The tally at this point:
- Six cheese-covered oysters
- A pile of six bad egg rolls
- Four sashimi tacos
- A dozen wings
- Four mozzarella sticks
- An entire pork shank
- Half a roasted chicken
- Six shrimp that did not taste like sangria
- A bowl of soup
Crazy Legs looks a bit defeated, not only by the food’s volume, but by its mediocrity. Crazy Legs — a man who once ate 32-dozen oysters over the course of three hours, and spends the fourth of July regularly downing two-dozen hot dogs — nevertheless decides it’s time for dessert.

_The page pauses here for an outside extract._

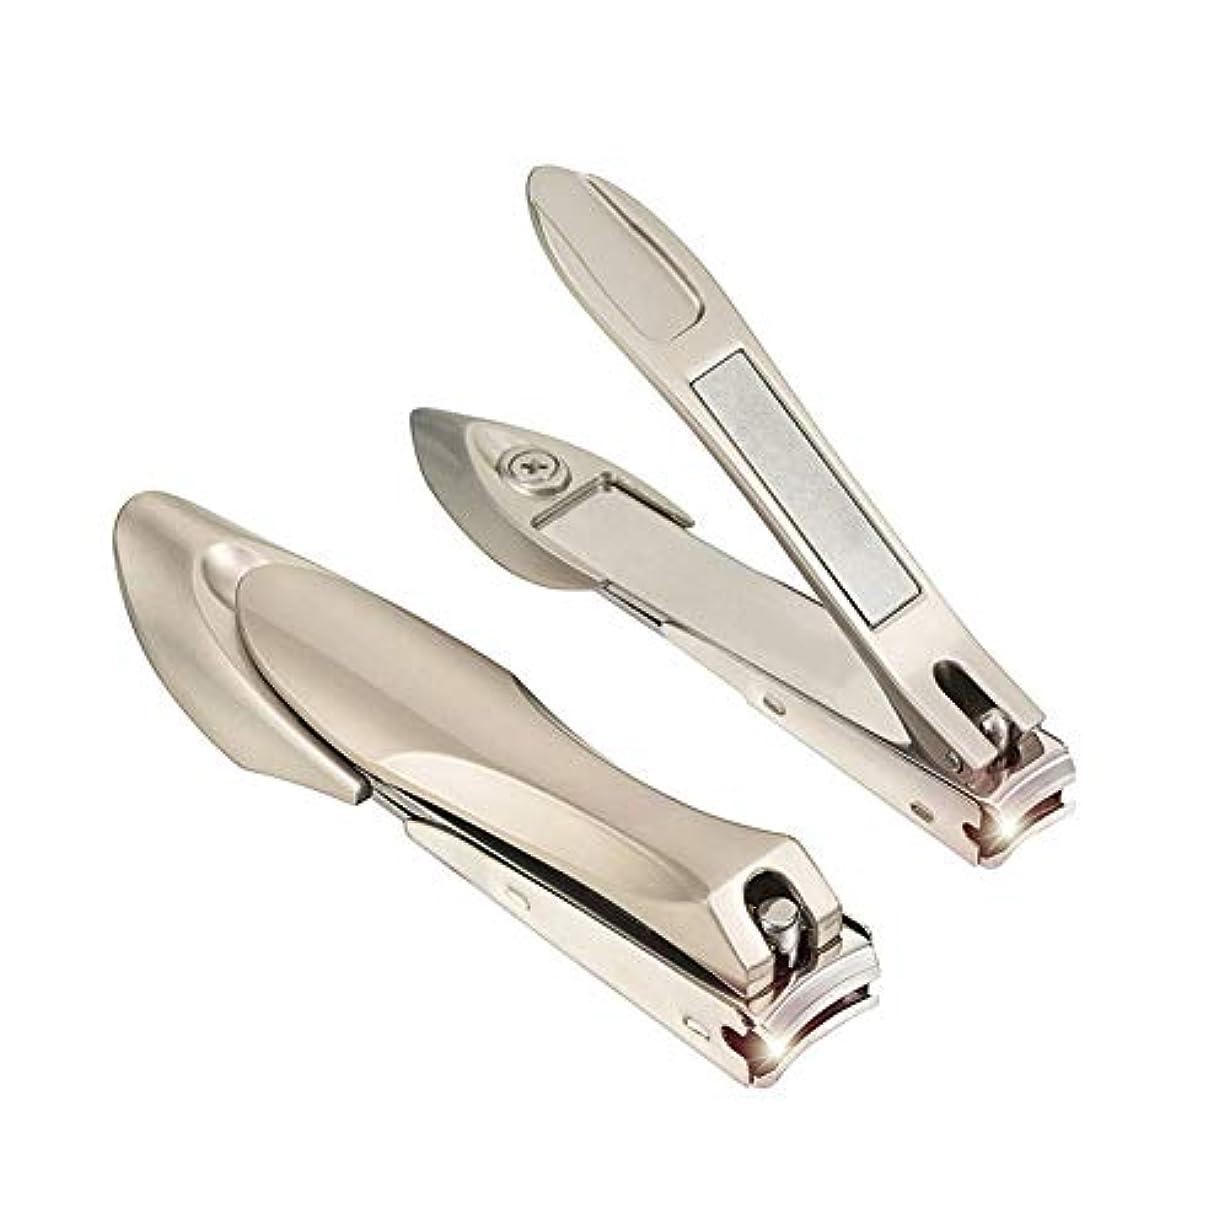 ハミングバード船上ディスコ爪切り と キャッチャー、 プロフェッショナル ステンレス鋼 アンチスプラッシュ 爪 そして 足の爪 クリッパー カッター、 トリマーセット ために 男性 そして 女性たち

“There was a bananas foster for two, which I would order, but I don’t see it listed here,” he says. When the waitress reappears, she confirms its demise: “We killed it on like the second day.” Conti goes with the baked Alaska, something he’s never tried, and a chilled moscato creamsicle, a combination of Moscato, peach-infused vodka, and mango nectar. “That seems like it would connect with my feminine side,” Crazy Legs says.
As the bocce-ball-size Baked Alaska and peach-mango cocktail arrive, Crazy Legs turns to David the EMT. “You ever get calls for scurvy?” No scurvy, David says. His next stop that afternoon is downtown to check on David Blaine, who’s spent the last three days electrocuting himself and is probably dehydrated.
The Baked Alaska is fine, but the Creamsicle disappoints. “Instead of a summer taste, it’s more like a Game of Thrones winter moonshine mouthfeel,” Crazy Legs says, before deciding he’s finished eating. It’s the only thing he’ll eat for 24 hours. The final tally on the bill is $193.04 (the check also helpfully suggests a 20 percent tip of $35.46).
Before David splits, he asks Crazy Legs how he’s feeling. “I feel pretty good,” Crazy Legs confirms, leaning back in the booth. “It was sort of a typical meal for a small family. You’ll have to see who feels worse, me or David Blaine. Is it worse to get electrocuted for three days, or eat one giant meal at Guy Fieri’s?”